§ Your task: Copy exactly the lines of the material below, starting with the first and including the line that holds "Tatuaż Smoki Na".

§ Dataset records:
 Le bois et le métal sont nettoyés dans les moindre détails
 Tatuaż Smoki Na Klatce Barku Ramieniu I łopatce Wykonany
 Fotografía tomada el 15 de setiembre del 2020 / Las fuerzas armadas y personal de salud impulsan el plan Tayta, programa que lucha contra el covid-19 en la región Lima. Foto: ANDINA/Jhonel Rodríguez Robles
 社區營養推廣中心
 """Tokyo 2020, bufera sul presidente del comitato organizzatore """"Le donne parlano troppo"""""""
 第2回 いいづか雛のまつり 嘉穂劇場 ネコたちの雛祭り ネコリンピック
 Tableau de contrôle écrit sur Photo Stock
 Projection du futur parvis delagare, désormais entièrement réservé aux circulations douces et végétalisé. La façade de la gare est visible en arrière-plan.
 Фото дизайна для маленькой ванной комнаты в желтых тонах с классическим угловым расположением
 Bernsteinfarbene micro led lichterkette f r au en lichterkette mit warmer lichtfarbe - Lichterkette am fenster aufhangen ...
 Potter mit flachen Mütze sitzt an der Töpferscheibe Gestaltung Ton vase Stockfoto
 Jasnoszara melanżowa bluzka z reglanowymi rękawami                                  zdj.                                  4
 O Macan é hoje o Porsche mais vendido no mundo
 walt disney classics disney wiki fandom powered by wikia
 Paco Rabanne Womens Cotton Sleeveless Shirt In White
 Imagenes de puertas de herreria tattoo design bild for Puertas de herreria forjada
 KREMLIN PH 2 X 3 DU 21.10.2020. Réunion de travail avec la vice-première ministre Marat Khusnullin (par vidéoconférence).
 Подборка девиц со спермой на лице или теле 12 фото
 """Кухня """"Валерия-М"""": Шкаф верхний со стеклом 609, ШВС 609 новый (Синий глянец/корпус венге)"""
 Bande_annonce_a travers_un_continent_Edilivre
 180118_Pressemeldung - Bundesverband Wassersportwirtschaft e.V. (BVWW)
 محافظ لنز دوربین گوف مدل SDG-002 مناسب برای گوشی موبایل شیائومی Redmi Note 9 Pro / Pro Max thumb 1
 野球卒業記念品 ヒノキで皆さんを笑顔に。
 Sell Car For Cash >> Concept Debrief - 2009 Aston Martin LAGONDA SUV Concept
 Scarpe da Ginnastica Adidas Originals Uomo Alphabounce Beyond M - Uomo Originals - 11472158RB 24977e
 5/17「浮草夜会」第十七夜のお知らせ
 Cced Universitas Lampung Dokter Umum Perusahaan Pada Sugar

§ Task result:
 Le bois et le métal sont nettoyés dans les moindre détails
 Tatuaż Smoki Na Klatce Barku Ramieniu I łopatce Wykonany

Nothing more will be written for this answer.